__THE TASK__:
An exact copy is required of every line from the one with "Bengal Torch Oranje" through the end of the data below, and the pictures must stay out of it.

__DATASET EXTRACT__:

============

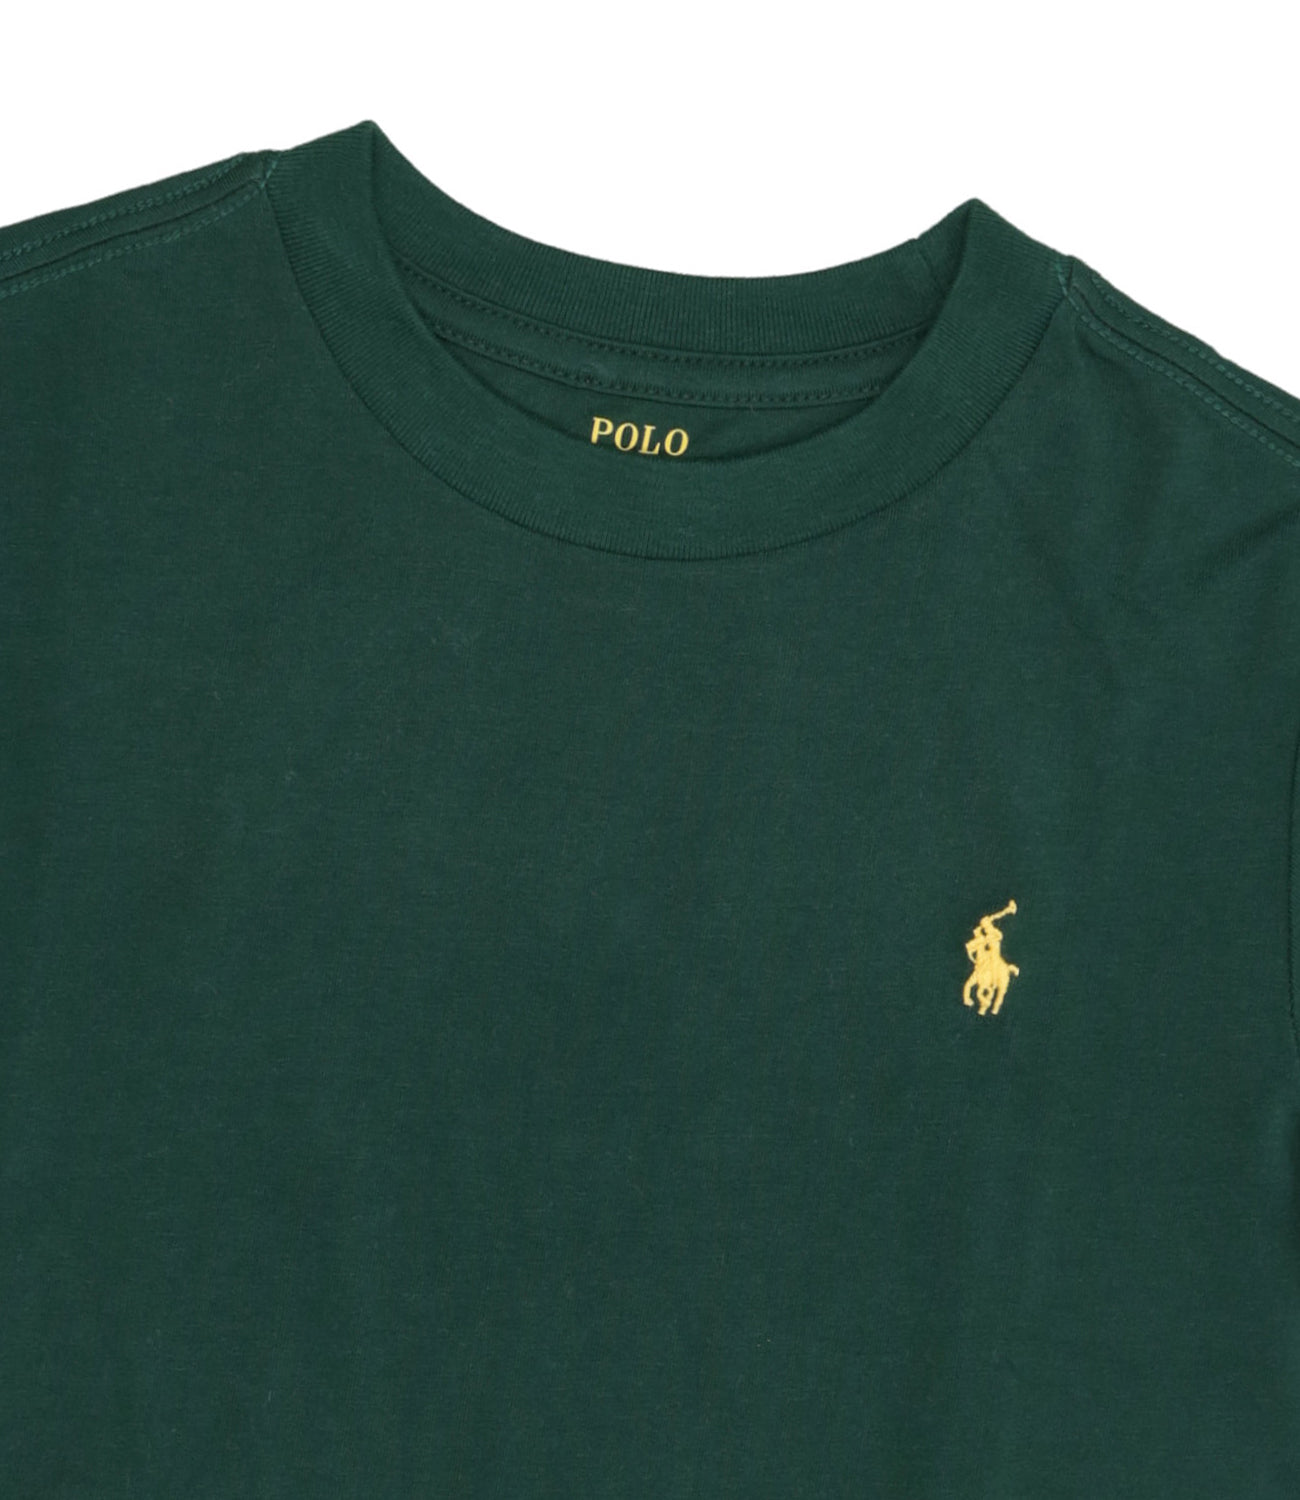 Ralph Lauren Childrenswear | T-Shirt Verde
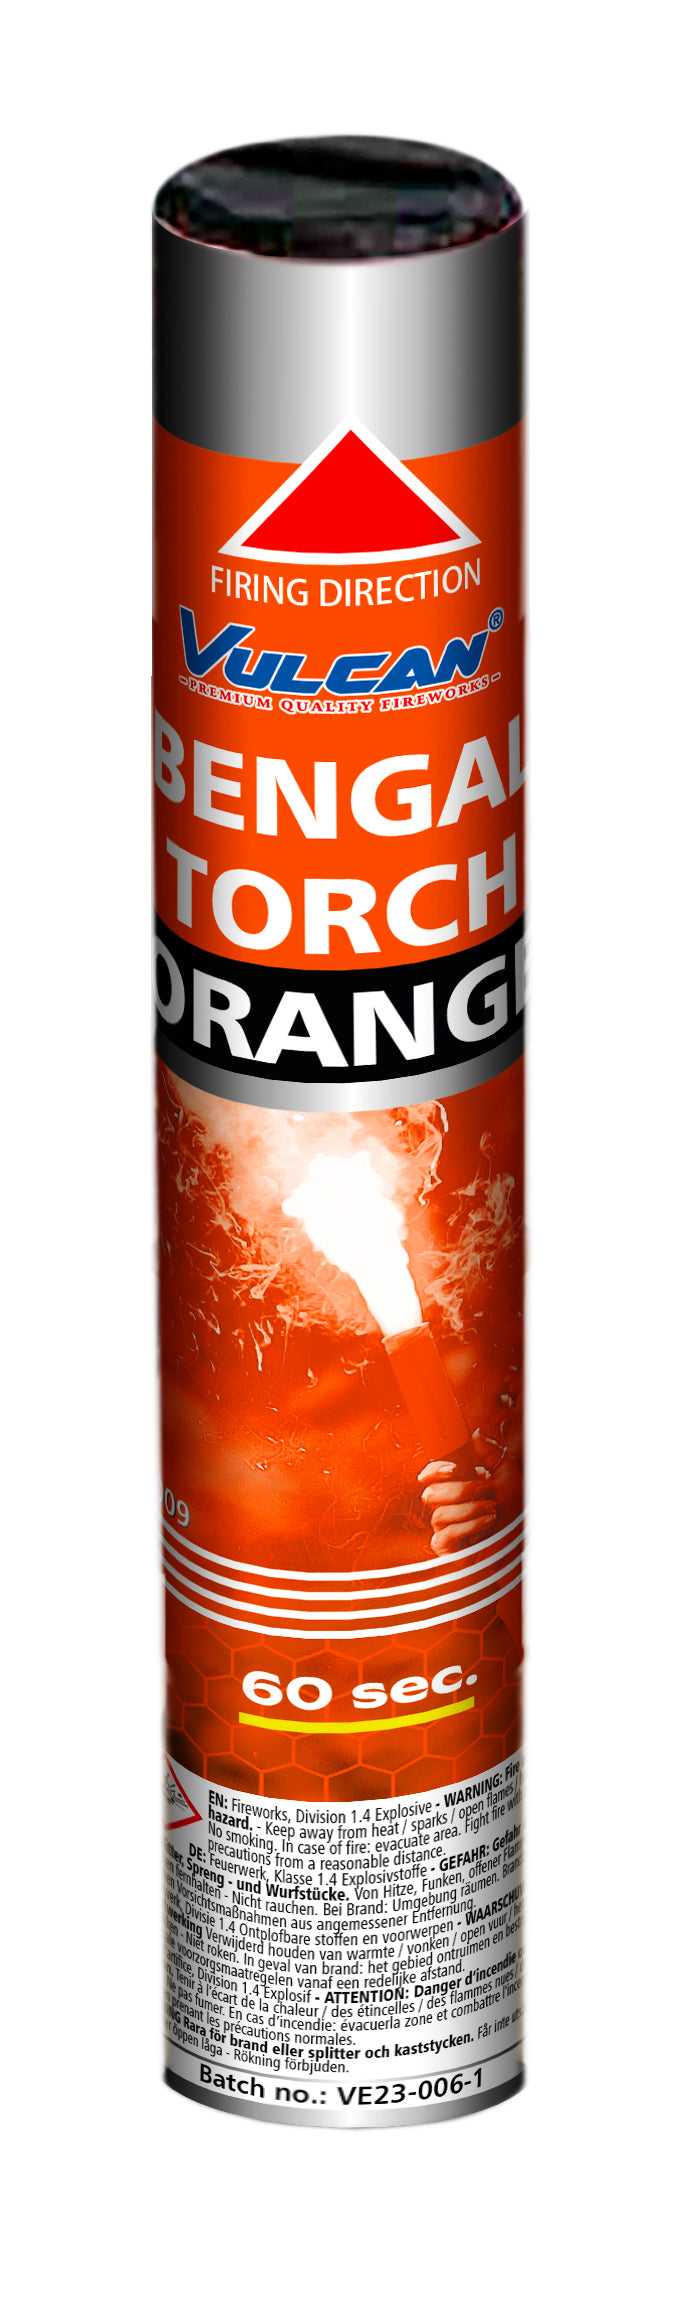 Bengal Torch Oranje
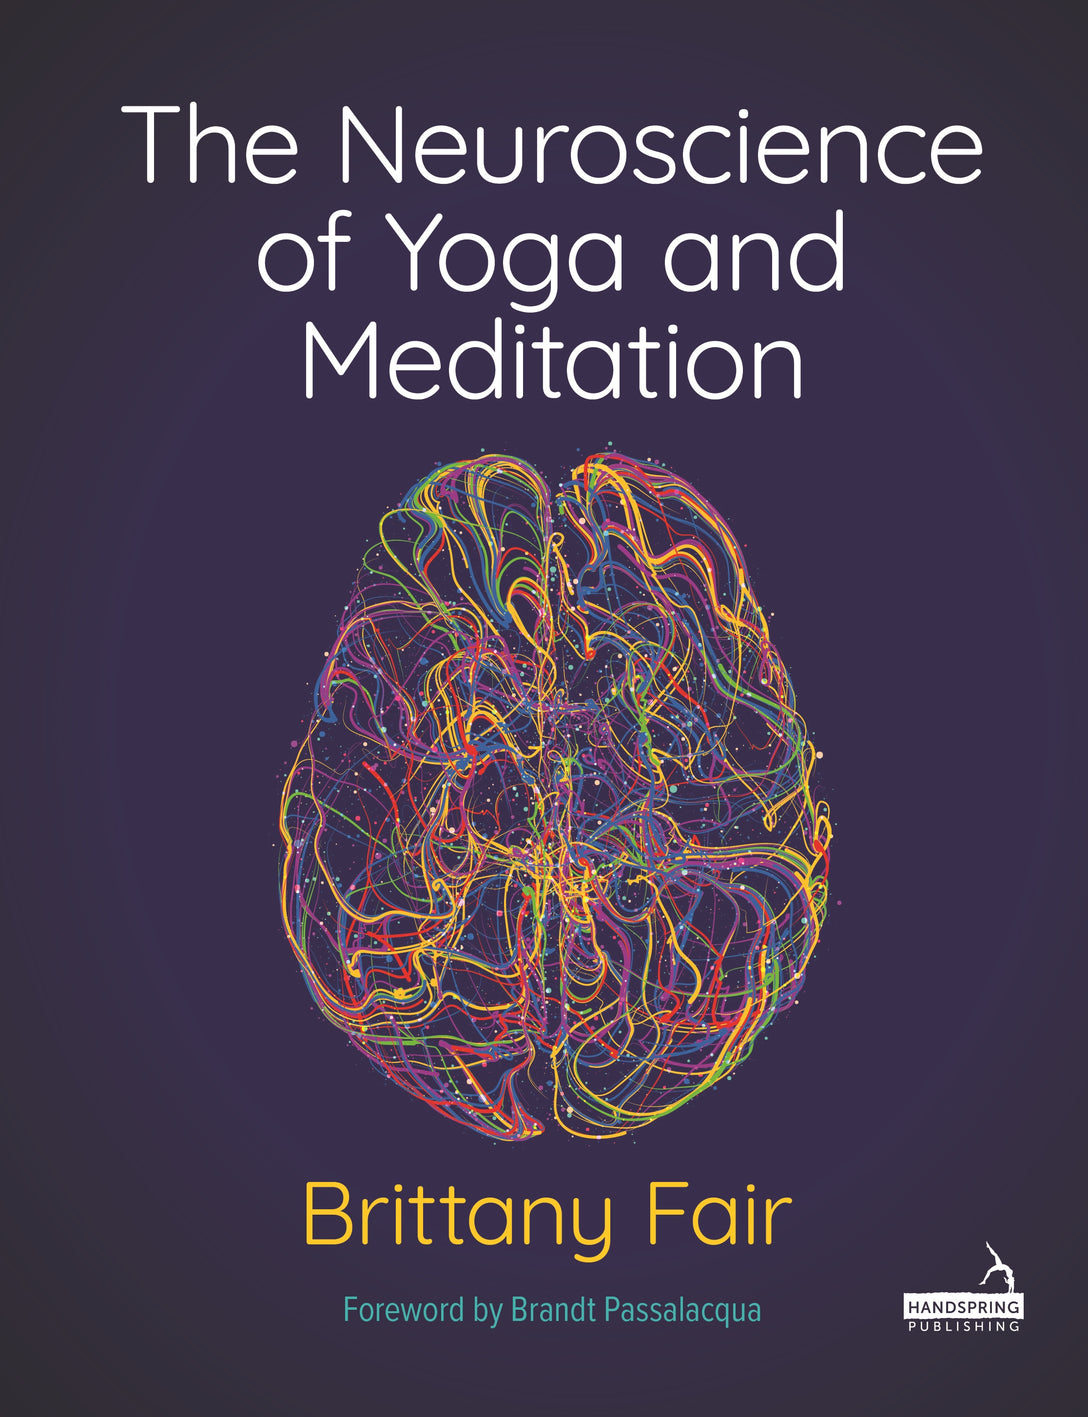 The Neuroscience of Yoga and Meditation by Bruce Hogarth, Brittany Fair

============

__YOUR SOLUTION__:
 Bengal Torch Oranje
 The Neuroscience of Yoga and Meditation by Bruce Hogarth, Brittany Fair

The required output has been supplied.